The concept of development incorporates several debatable assumptions. First, it has a tendency towards Eurocentricism. The paradigm of development incorporated in much development theorizing is the experience of western Europe during the Industrial Revolution. Non-European societies that undergo “development” (Japan, Taiwan, Argentina) are frequently categorized in terms of a baseline comparison to the western European experience. Historical research in the past twenty years casts doubt on this single-track theory. Asian economic development in the seventeenth century and the twentieth century gives substantial evidence of the availability of alternative pathways of development, and there is considerable institutional variation within regions of western Europe itself (Wong 1997), (Sabel and Zeitlin 1997).
Second, the concept of development is burdened with an implicit teleology. The word implies a progressive transformation from “less developed” to “more developed”; it implies the creation of more complex, sophisticated, and humanly adequate systems out of simpler and less adequate systems. (Rostow’s concept of “stages of growth” capture this assumption precisely; (Rostow 1960)). Historians have long since abandoned the idea that history has directionality, and have demonstrated the many false starts, wrong turns, reversals, and stalls that all societies have experienced.

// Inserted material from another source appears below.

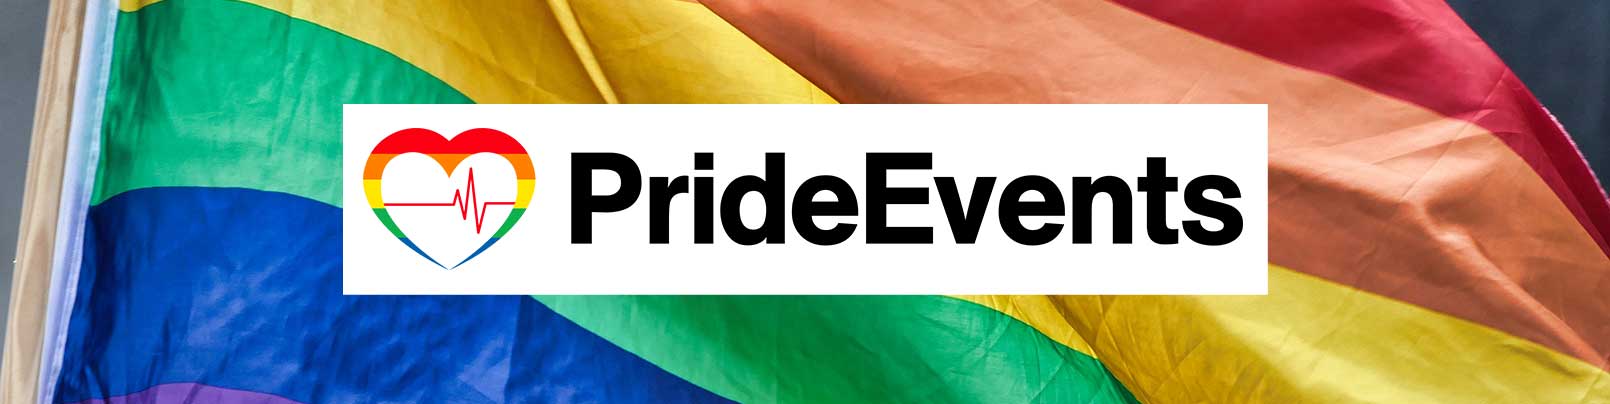 pride-events-banner-v2

History is not a road to somewhere.
Third, the concept of development brings with it an idealized set of assumptions in the background about what a “developed” society ought to include: consumerism, democracy, markets for everything, individualism, impersonal legal systems, large complex societies, and a high material standard of living. This is a social ideal that is deeply embedded in development theory and that can be legitimately questioned. The values that are associated with western consumer culture represent one possible framework of human values—but only one such framework (Escobar 1995). And in fact, it may be that the constraints of longterm environmental sustainability make this complex of values doubly questionable.
Finally, development theory has been forced to confront the contradictions between economic growth and environmental sustainability. Resource depletion, destruction of forests and wetlands, urban sprawl, air and water pollution, and global climate change resulting from CO2 emissions all call into doubt the feasibility of permanent economic growth (United Nations Environment Programme 2002). Prudent multi-generational planning for the future of the planet will require more consistency between the needs of consumption and the needs of environmental sustainability.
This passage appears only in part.